In den Kesseln ist ein Hightech-Stahl namens T24 der japanischen Firma Hitachi verbaut worden. Dieser soll nach Informationen von Vattenfall besonders zum Wirkungsgrad und zur Effizienz des Kraftwerks beitragen. Es wird spekuliert, ob der neue Stahl ein Reinigungsmittel nicht verträgt. So seien die Kessel beim Kraftwerk in Duisburg-Walsum mit einer Beize gereinigt worden. Anschließend kam es wohl zu Spannungsrissen an den Schweißnähten. Auch in Hamburg ist noch vollkommen unklar, ob die Schäden repariert werden können oder ob Vattenfall beide Türme abreißen und austauschen muss. Die Untersuchungen seien angelaufen.

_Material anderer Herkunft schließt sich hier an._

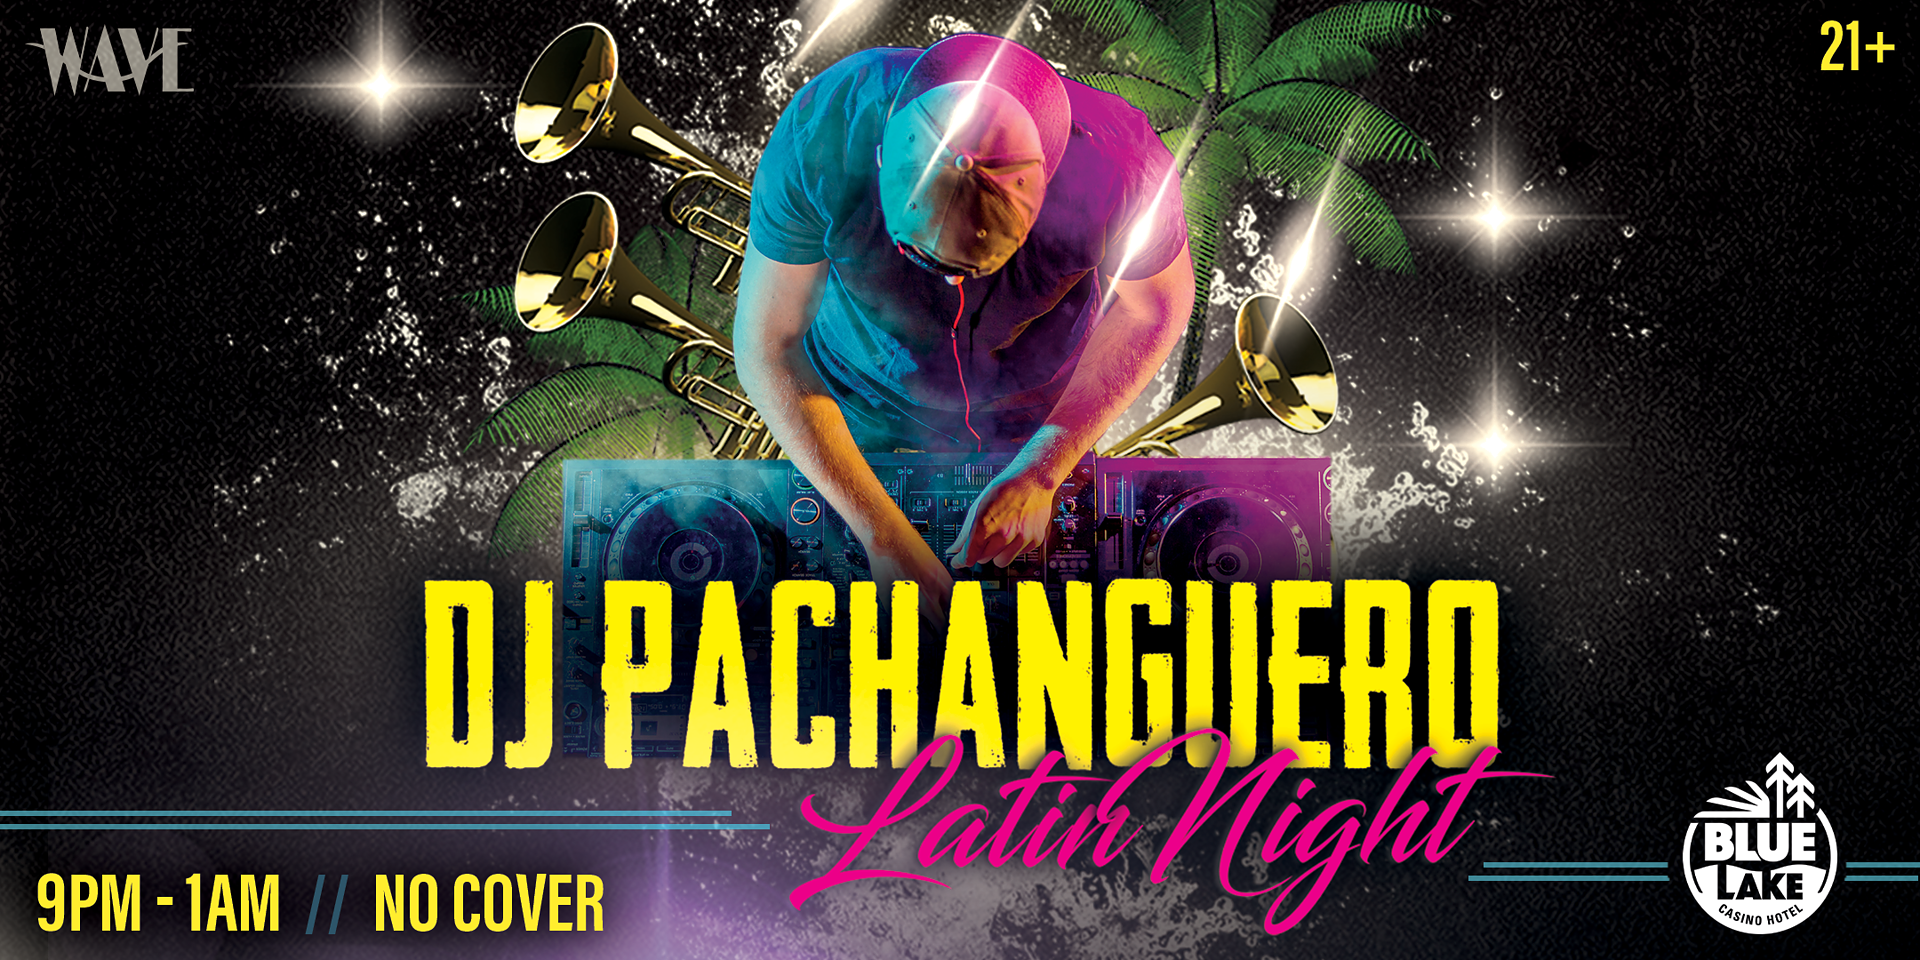 2160x1080 DJ Pachanguero Latin Nights

Die Branche schaut unterdessen gebannt nach Duisburg, wo die Ingenieure das Kraftwerk seit voriger Woche erneut anfahren und beobachten, ob sie die undichten Stellen im Stahl beseitigen konnten. Während die Herstellerfirma Hitachi davon ausgeht, dass dies "klappen wird", fürchtet ein Anlagenprüfer, dass der Kessel "keine 600 Stunden" standhalten könnte. Auch Fachleute bei den Betreibern glauben, dass das Problem tiefer geht.
Was das Ganze für finanzielle Auswirkungen haben wird, kann Vattenfall bisher nicht beziffern. Klar ist aber, egal, ob repariert wird oder ob neue Kessel gebaut werden müssen: Jeder Tag, den das Kraftwerk später ans Netz gehen wird, kostet den schwedischen Betreiber Geld. Wer dafür aufkommen wird, ist noch unklar.
Weder die Strom- noch die Fernwärmeversorgung der Vattenfall-Kunden in Hamburg ist durch die Verzögerung gefährdet, betont Stefan Kleimeier. Denn bis das neue Kraftwerk ans Netz geht, bleibt das alte Kohlekraftwerk in Wedel in Betrieb - und wohl auch darüber hinaus. Denn von dort müssen die Hamburger mit Fernwärme versorgt werden. Grund sind die Streitigkeiten um die geplante Fernwärmetrasse für das Kraftwerk Moorburg.
Ursprünglich sollte die etwa zwölf Kilometer lange Leitung vom Kohlekraftwerk Moorburg bis zur Pumpstation Haferweg in Altona über ein einfaches Verfahren genehmigt werden. Doch Umweltverbände hatten erfolgreich geklagt. Jetzt braucht Vattenfall ein formales Planfeststellungsverfahren, an dem Bürger und Verbände beteiligt werden müssen. Und das dauert wesentlich länger.
Die ursprüngliche Trasse hätte durch den Grünzug Altonas verlaufen sollen. Besonders gegen das Abholzen von Bäumen hatten die Gegner protestiert und hatten im Gählerpark auch Bäume besetzt. Nun bevorzugt Vattenfall eine Trasse, die entlang der Holstenstraße gegraben wird und dann ab der Max-Brauer-Allee durch den Bertha-von-Suttner-Park verläuft. Als Alternativen sind in den Unterlagen auch Trassenvarianten durch den Schellfischtunnel und auch durch den Gählerpark aufgeführt, die nun ebenfalls geprüft werden sollen.
Mit der Fernwärme aus Moorburg sollen 180 000 Haushalte versorgt werden, die ihre Wärme noch aus dem alten Kraftwerk beziehen, das abgerissen werden soll.
Das wird sich nun wohl noch weiter verzögern. Das begonnene Planfeststellungsverfahren wird erfahrungsgemäß rund zwei Jahre dauern. Ob dann auch schon die Probleme an den Kesseltürmen endgültig behoben sein werden, ist noch vollkommen offen.
Das Kraftwerk Moorburg ist politisch höchst umstritten. Während die CDU-Regierung unter Ole von Beust das Kraftwerk in der heutigen Größe initiiert hatte, wollten die Grünen es noch nach Baubeginn verhindern. Zahlreiche juristische Verfahren zwischen Vattenfall und der Stadt wurden schließlich mit einem außergerichtlichen Vergleich beigelegt.